━━━━━ Given data ━━━━━
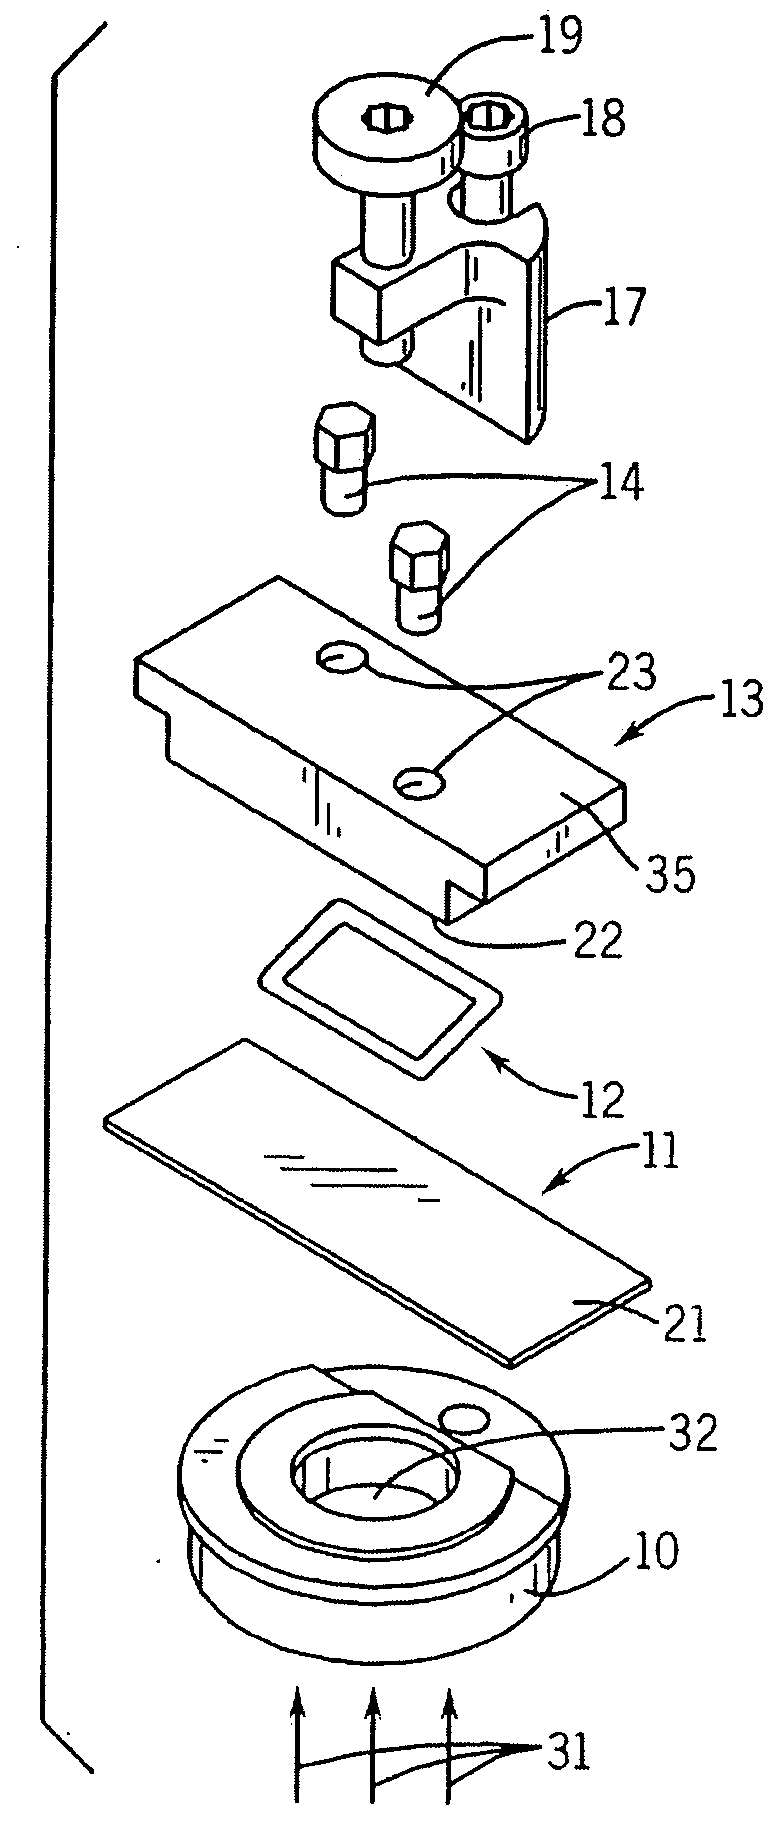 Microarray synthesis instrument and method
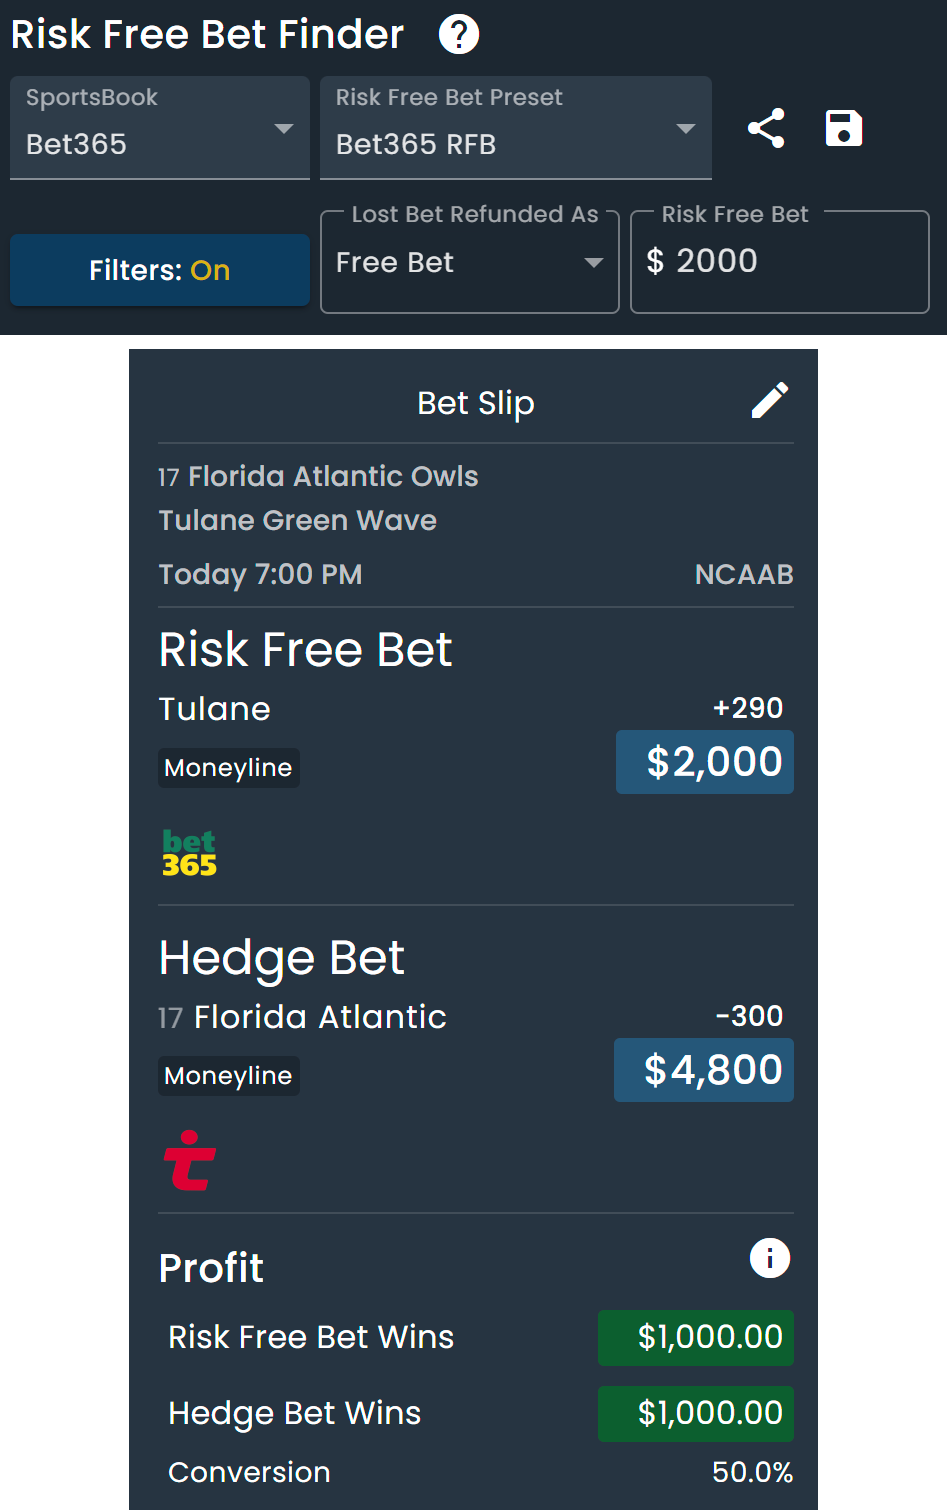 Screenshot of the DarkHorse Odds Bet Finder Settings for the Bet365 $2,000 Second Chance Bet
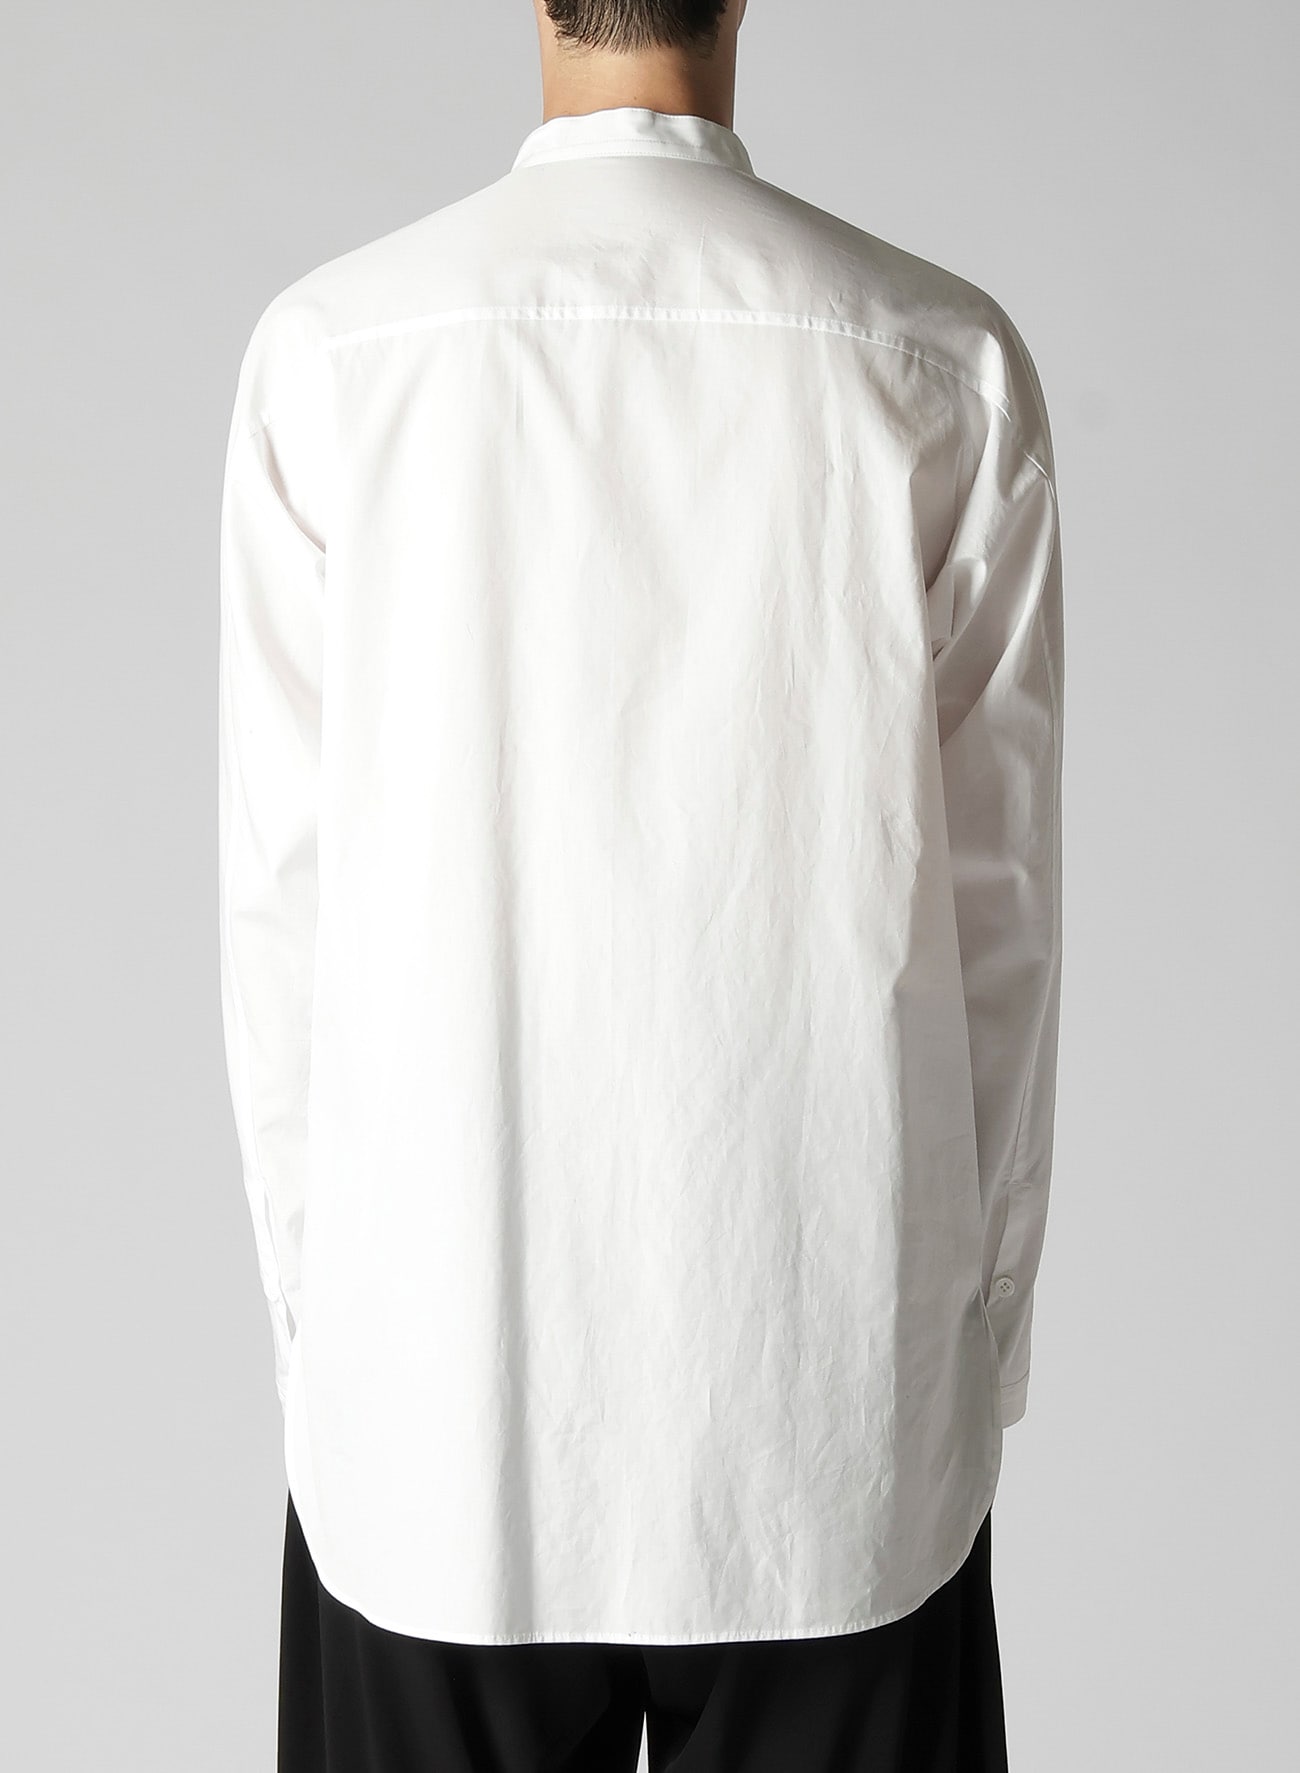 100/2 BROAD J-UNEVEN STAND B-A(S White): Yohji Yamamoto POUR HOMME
━━━━━
━━━━━ Given data ━━━━━
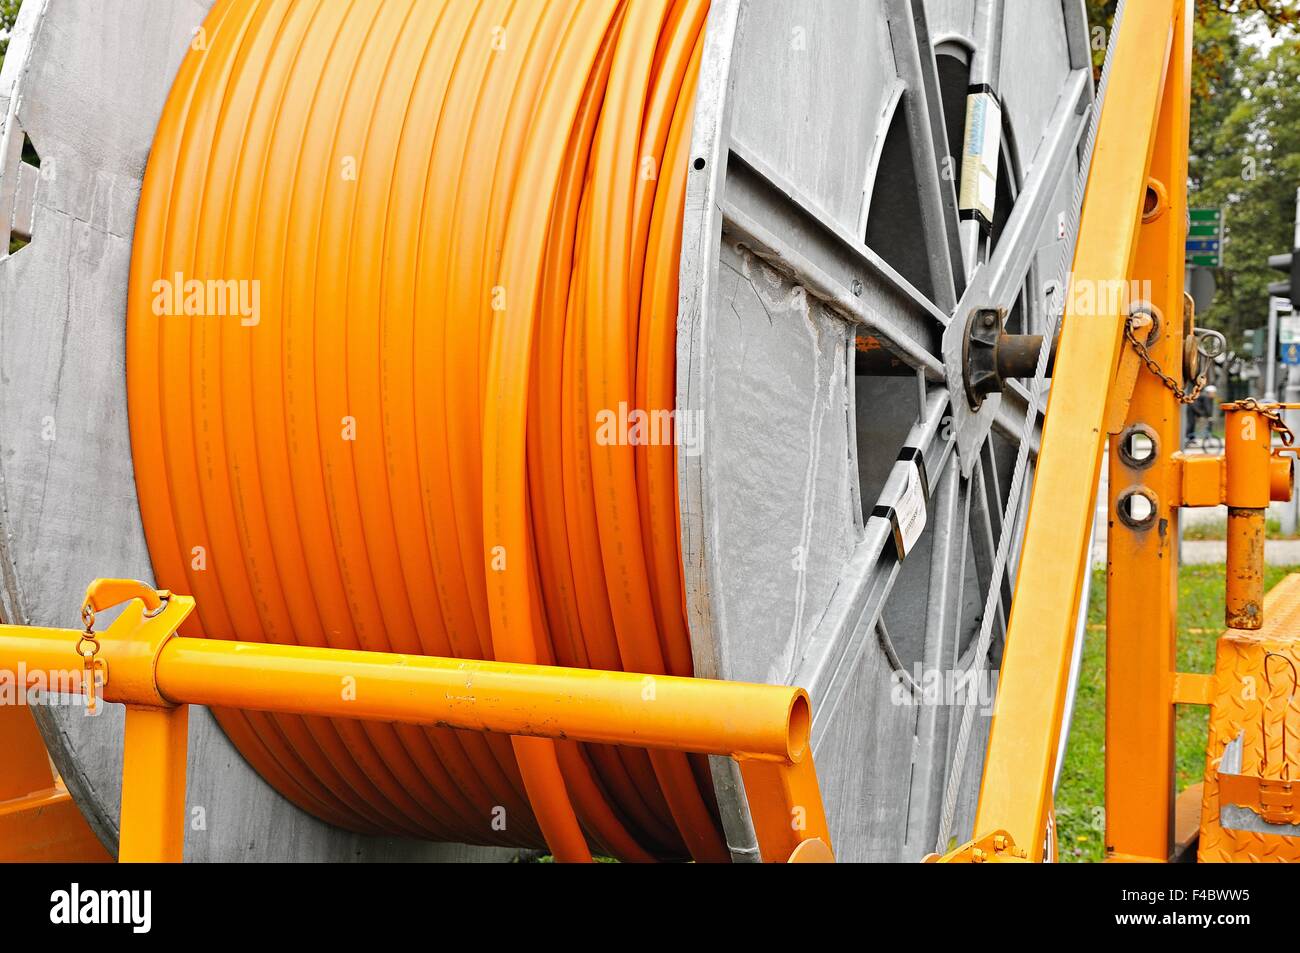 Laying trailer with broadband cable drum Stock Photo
━━━━━
━━━━━ Given data ━━━━━
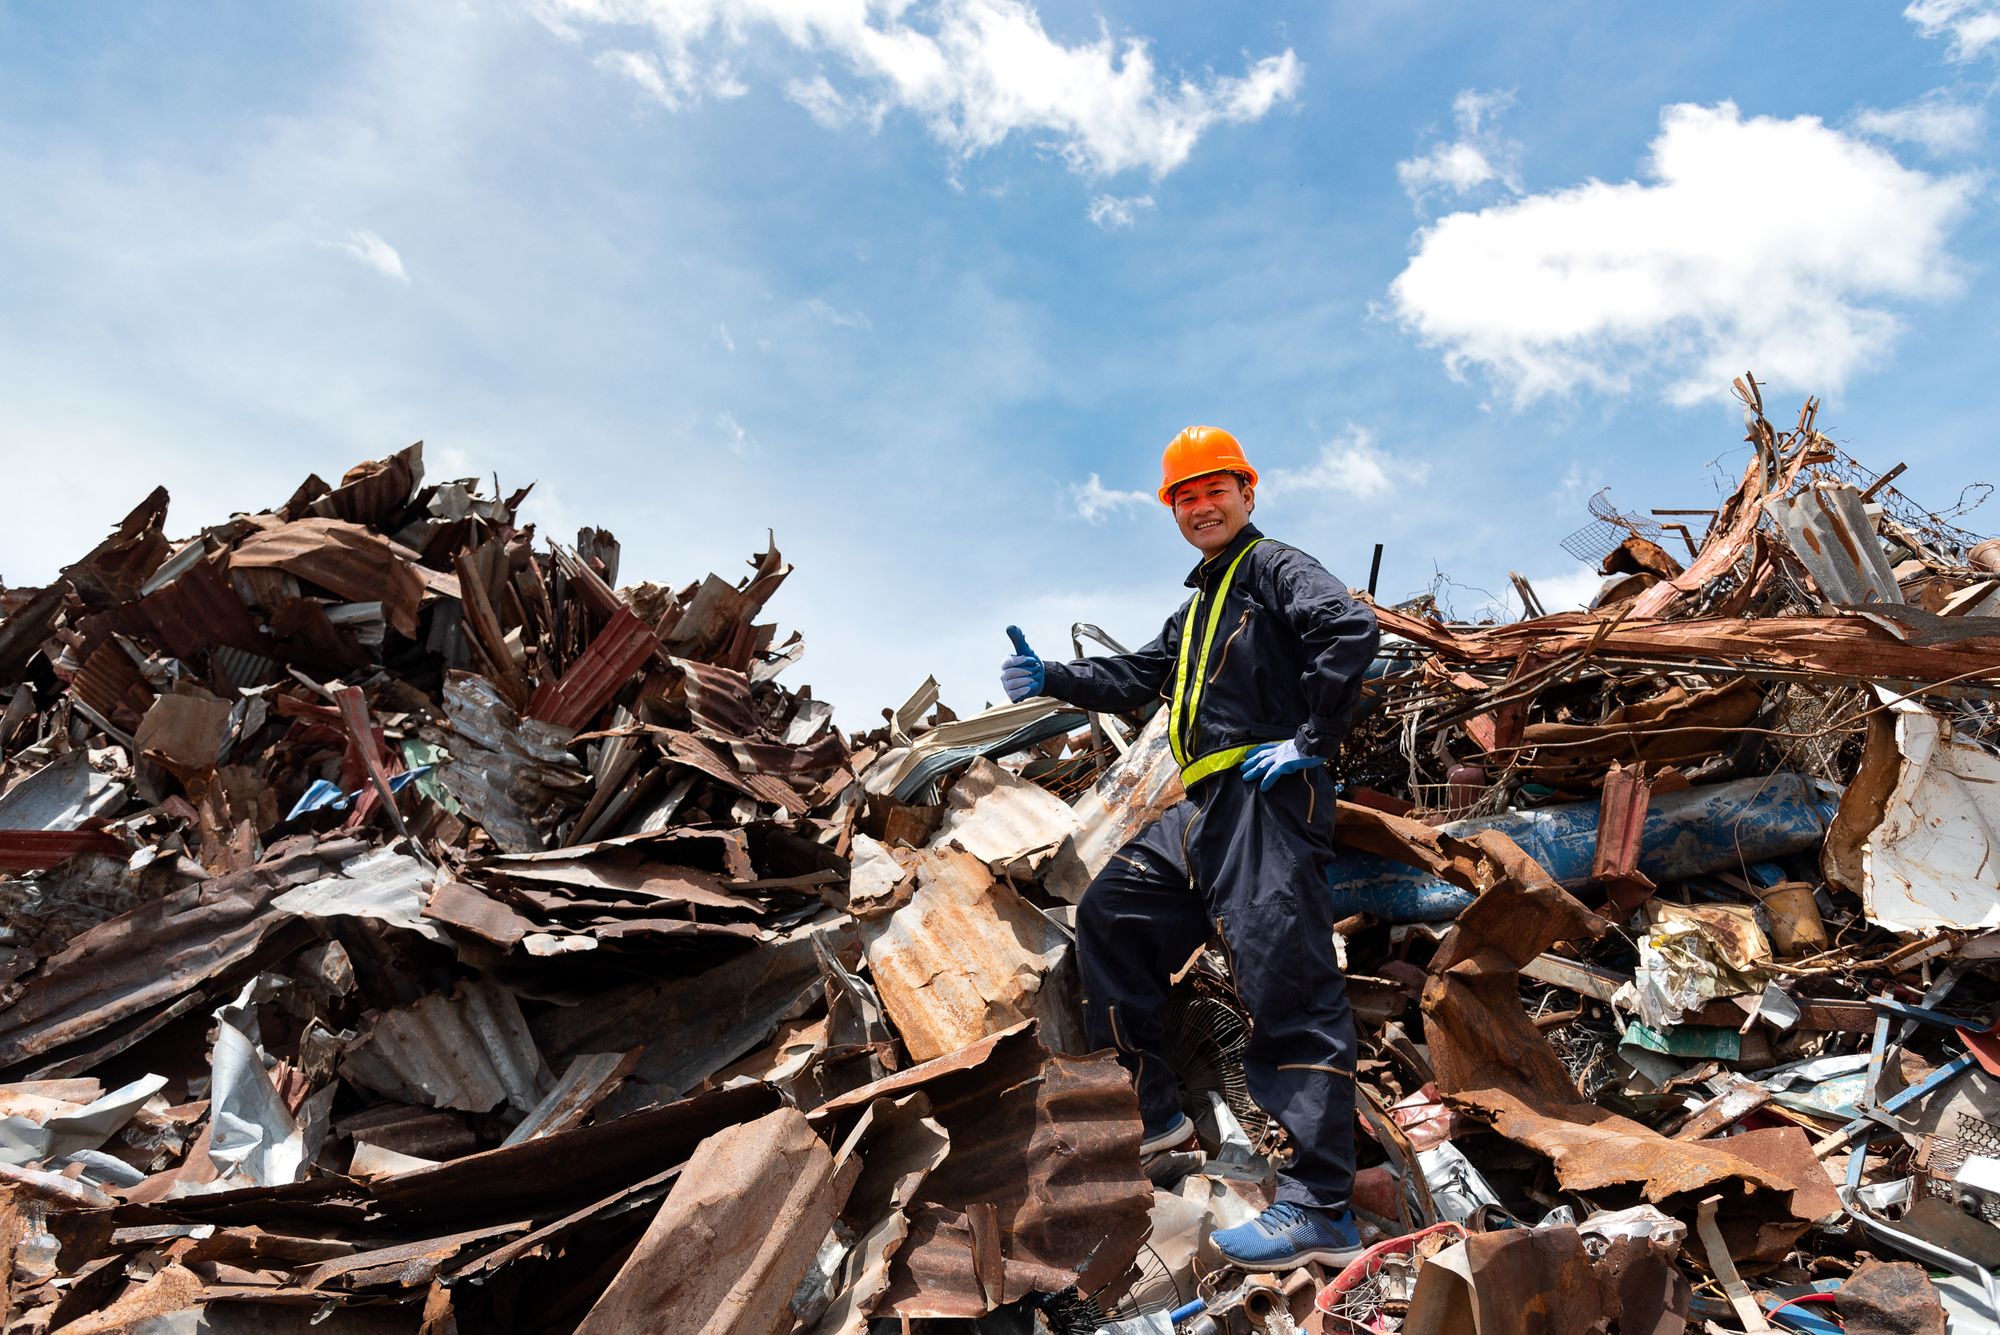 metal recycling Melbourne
━━━━━
» **Work instruction**
Find the line with "Microarray synthesis instrument and method" in the entries above. Set down exactly every line from it up to and including the line with "100/2 BROAD J-UNEVEN", images excluded.

» **Exercise answer**
 Microarray synthesis instrument and method
 Screenshot of the DarkHorse Odds Bet Finder Settings for the Bet365 $2,000 Second Chance Bet
 100/2 BROAD J-UNEVEN STAND B-A(S White): Yohji Yamamoto POUR HOMME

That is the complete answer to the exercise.